Ante la puerta, el viejo felpudo pelado y lleno de hilitos que se iban deshaciendo, rezaba: ¡Bienvenidos!
Al entrar por primera vez en el apartamento, junto al propietario que explicaba lo bueno que sería vivir allí, Marta percibió un extraño olor, una mezcla de desinfectante y polvo rancio. Mientras el propietario seguía enumerando elogios, como estar dentro del bloque de apartamentos y no tener ventanas que miraran a la calle, sino sólo al patio y poder así disfrutar del silencio, sin el estrés del ruido del tráfico, Marta pensaba que sí, todo estaba tranquilo, pero tal vez demasiado silencioso y además ¿qué sentido tenía ese pasillo tan largo? Por supuesto todo tenía una respuesta lógica, “Ya verá cuando usted tenga hijos y haga mal tiempo, cómo disfrutarán correteando por el pasillo” dijo el propietario. Marta ya estaba pensando en el vecino de abajo, en cómo disfrutaría él con las correrías de sus hijos. El propietario seguía indicando los cuartos. Casi al final del pasillo había una habitación con las paredes pintadas de color rojo púrpura y una raya enorme de pintura negra. Algo que a Marta le pareció bastante inquietante. Por eso preguntó al propietario si había alguna razón para ese color de paredes. Respondió que sí, que las había pintado de rojo después de que su padre se ahorcara en el sótano. Aún más inquietante. Finalizada la visita al piso Marta se despidió y dijo que hablaría con su marido y tomarían una decisión.
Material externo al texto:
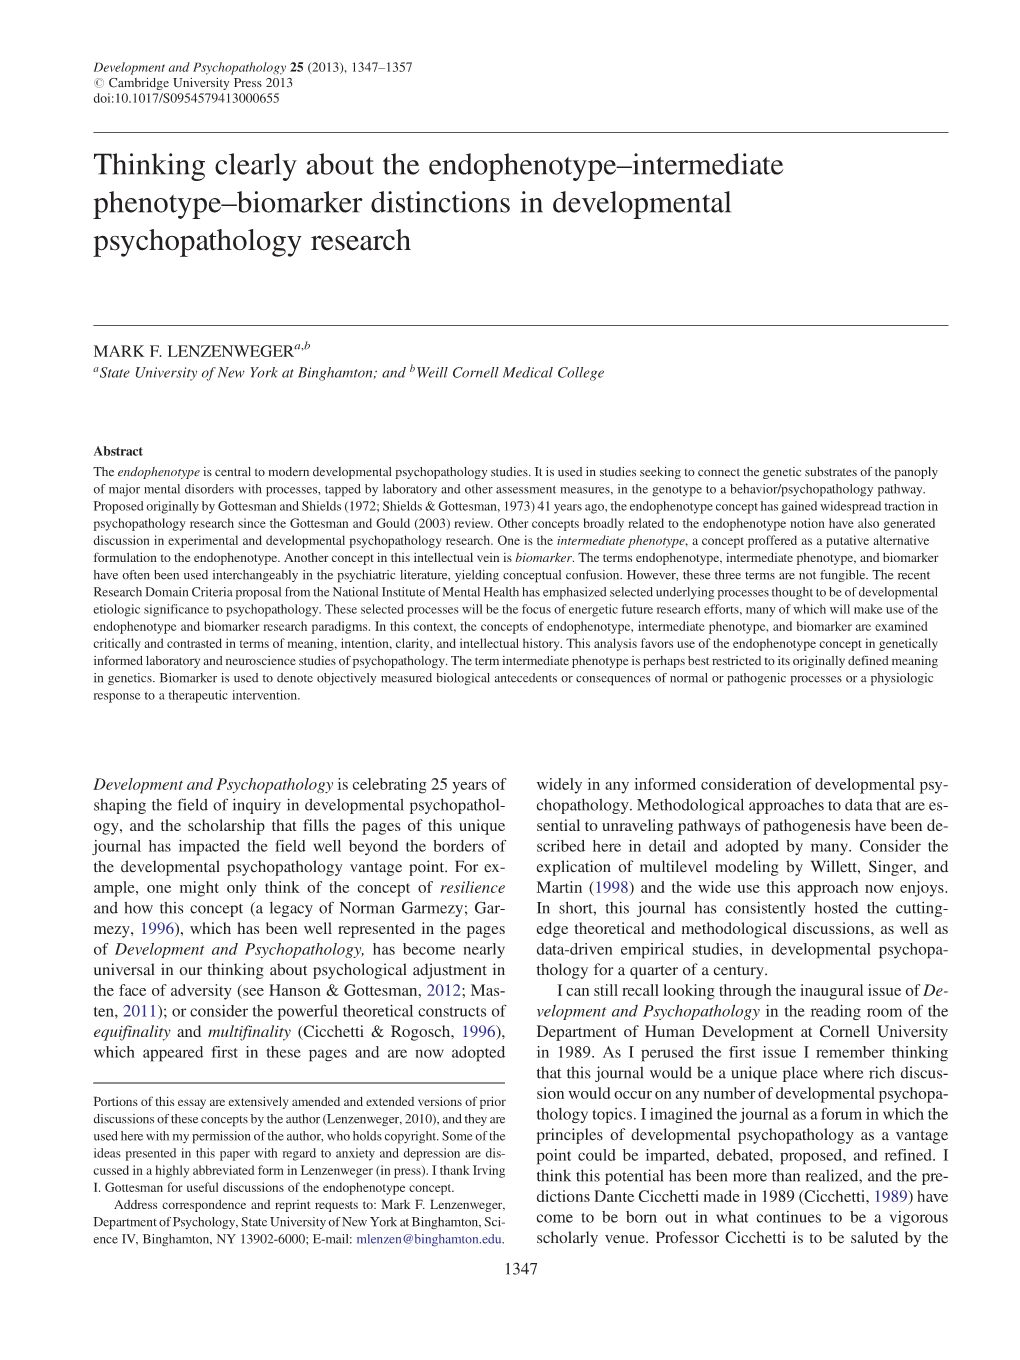 Thinking Clearly About the Endophenotype–Intermediate Phenotype–Biomarker Distinctions in Developmental Psychopathology Research
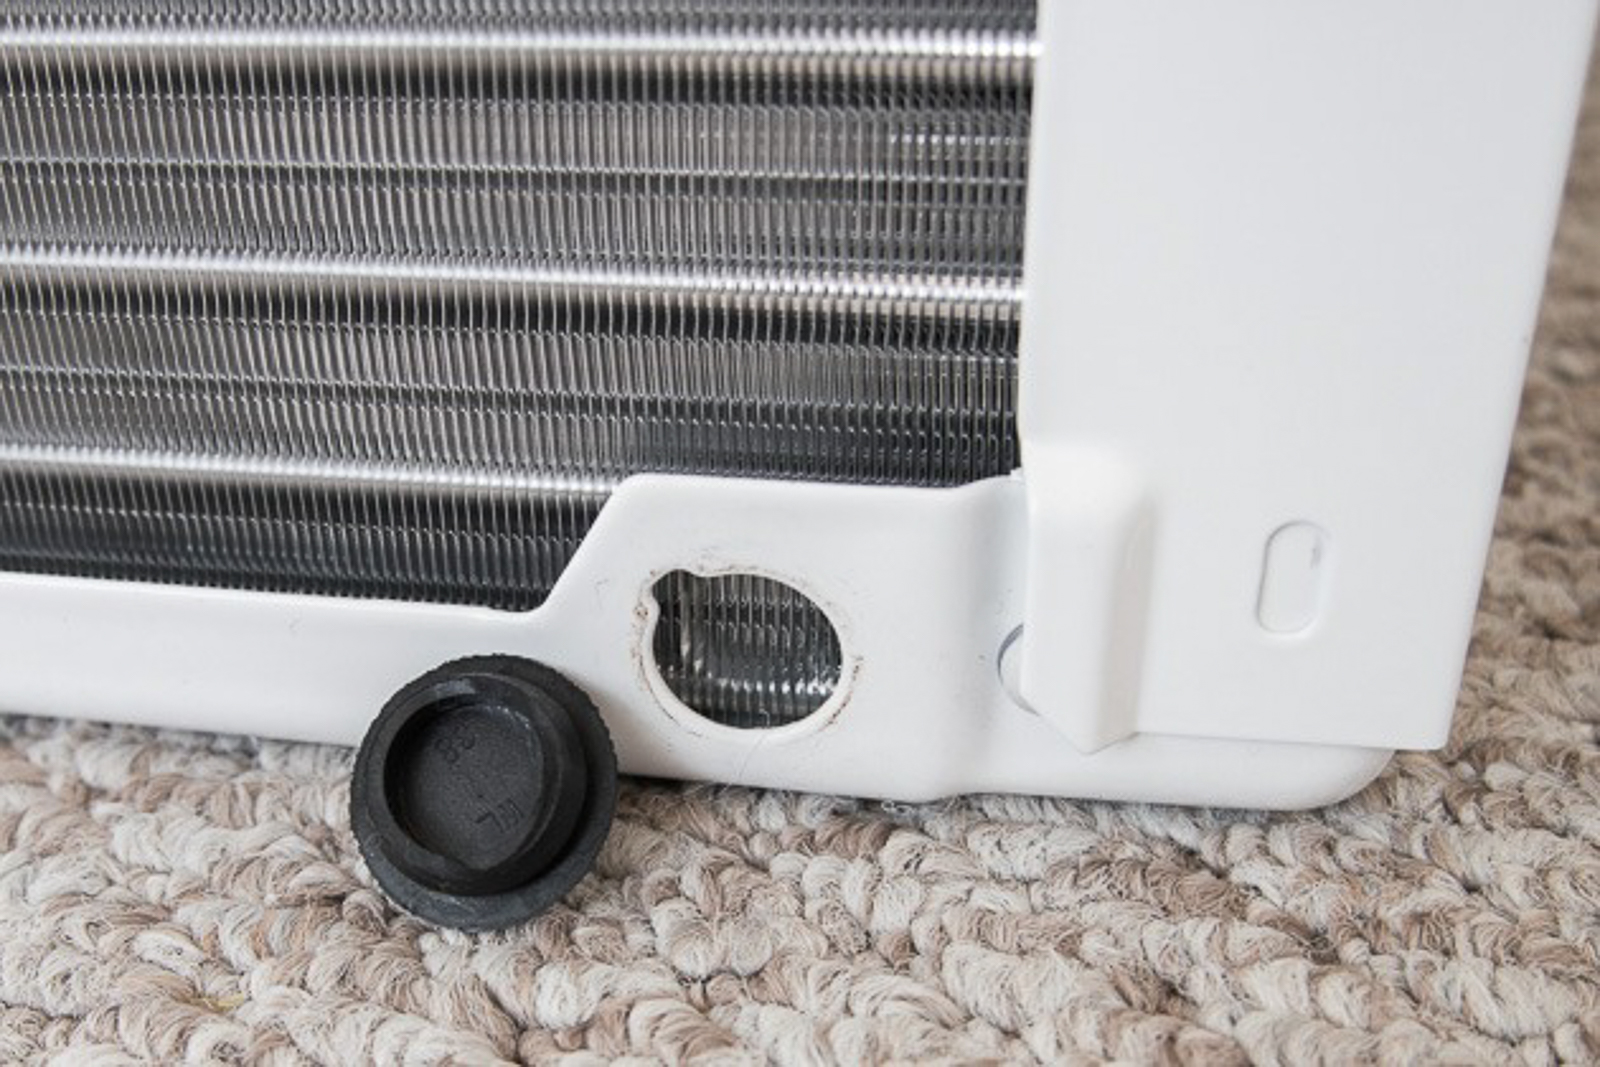 The best air conditioner

Otra casa con muerto. Tenía recuerdos de casas con muertos. Se acordó de la tía Francisca. Se acordó del cuerpo del marido de su tía en la cama, esperando a la empresa funeraria y de cuando solía pasar unos días en esa pequeña casa de dos plantas, en la planta baja estaba la cocina y por una escalera estrecha y empinada se subía a la primera planta donde había un dormitorio y un cuarto de baño. La casa prácticamente consistía sólo en lo esencial. La tía de Marta trabajaba de camarera y portera de una adinerada familia milanesa que pasaba las vacaciones en su villa en un pequeño pueblo del lago de Como. Marta pasaba la mayor parte del tiempo en el balcón de la habitación, desde donde podía ver el lago. Siempre que se quedaba allí, oía la voz del difunto marido de su tía contándole su vida. Todo esto no la asustaba, sus abuelos le habían enseñado que las casas son como esponjas, lo absorben todo y luego lo devuelven a las personas que viven en ellas, y que los espíritus de quienes las habitaban allí permanecen. En efecto, incluso en casa de sus abuelos había visto muertos en sus camas, e incluso allí había oído sus voces hablándole. Entonces, hablaría con su marido, le contaría lo del ahorcado en el sótano y de las paredes rojas, intentaría convencerle para que compraran esa casa porque, además de que le gustaba mucho, tenía curiosidad por oír lo que el difunto le diría.